How do the NEONs work?
Mistry started work on NEONs by trying to replicate a friend. Initially, the models were trained on his face, and there were significant errors. But then, they started getting better, almost indistinguishable from the original.
Mistry says there are two core technologies behind his virtual humans. First, there is the proprietary CORE R3 technology that drives the “reality, real time and responsiveness” behind NEONs. The company claims CORE R3 “leapfrogs in the domains of Behavioral Neural Networks, Evolutionary Generative Intelligence and Computational Reality”, and is “extensively trained” on how humans look, behave and interact.
But in the end, it is like a rendition engine, converting the mathematical models to look like actual humans. At the moment the latency for response is less than a few milliseconds. CORE R3 can also connect to other domain-specific and value-added services like language kits.
The next stage will be SPECTRA, which will complement CORE R3 with the “spectrum of intelligence, learning, emotions and memory”. But SPECTRA is still in development, and is not expected before NEONWORLD 2020 later this year.
“CORE R3 is the front-end reality engine that is able to give you that real expression. My NEON, right now, does not know when to smile. When you come tomorrow and talk to a NEON, they don’t know that you were here yesterday,” Mistry explained. The spectrum of emotions and knowledge will come only when the NEONs are “actually in the field”; Mistry says this is the layer SPECTRA will enable. Mistry thinks with initial focus on B2B scenarios, he will get more time to work on tech that helps solve for complex memory.
How could NEONs be used?
Mistry sees a world in which NEONs are the interface for technologies and services. They will answer your queries at a bank, welcome you at a restaurant, or read out the breaking news on television at an unearthly hour. Mistry says this form of virtual assistance would be more effective, for example, while teaching languages, as NEONs will be capable of understanding and sympathising.
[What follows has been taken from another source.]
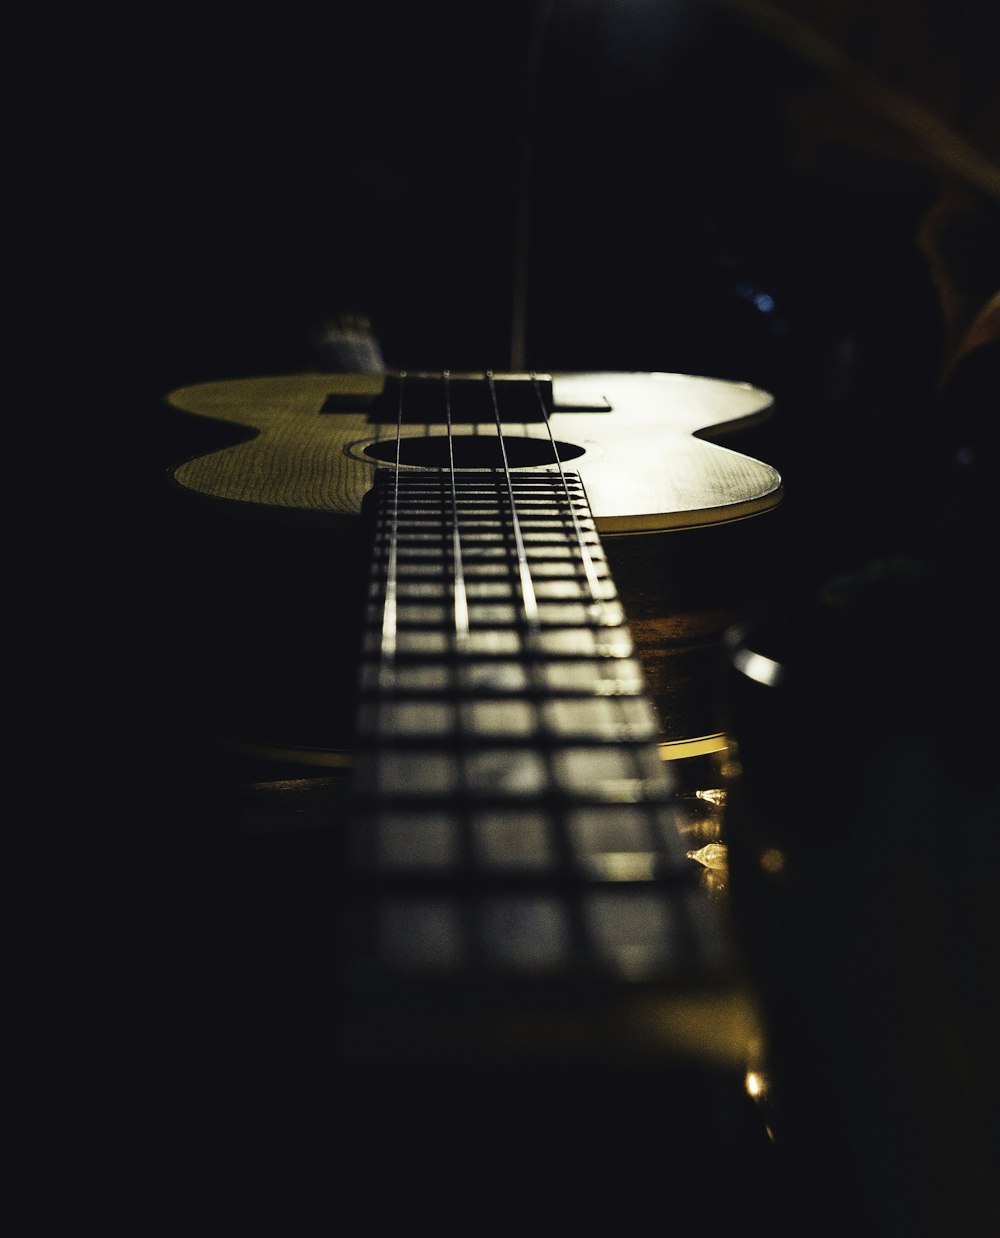 ukulele on wooden surface

However, Mistry is clear that a physical form for his NEONs is not possible in the near future. “I don’t think that we are anywhere close to having the physical embodiment of the NEONs in the next 25 or 30 years.” Also, he does not want to enable NEONs on existing robots — but would not mind collaborating with companies like Google, Facebook, and Baidu that have done work in similar fields.
How are NEONs different from Virtual Assistants?
Virtual Assistants now learn from all the data they are plugged into. NEONs will be limited to what they know and learn. Their leaning could potentially be limited to the person they are catering to, and maybe her friends — but not the entire Internet. They will not be an interface for you to request a song, rather they will be a friend to speak to and share experiences with, says Star Labs.
Unlike deep fakes, Star Labs says, CORE R3 does not manipulate any scene, videos, or sequence, and instead creates unique behaviours and interactions in real time. “CORE R3 creates new realities,” it says.
What about personal data with NEON?
Mistry does not want his NEONs to have collective memory, or to share data among themselves. So what is known to one NEON cannot be useful for another. “My network is a small network that can live independently,” Mistry said, underlining the difference between his plan and what has been seen so far among other Internet-based companies. Also, Star Labs says “no one except you and your NEON can ever have access to your interactions”, and that private data will never be shared without your permission.
So, what next for NEON?
Star Labs is talking of launching a beta later this year, and claims it is flooded with queries from potential partners. You could find NEONs trying to chat you up on airport screens or bank lobbies soon. Mistry says he does not envision a physical for his NEONs, and anyway that technology is not in the realm of the possible in his lifetime.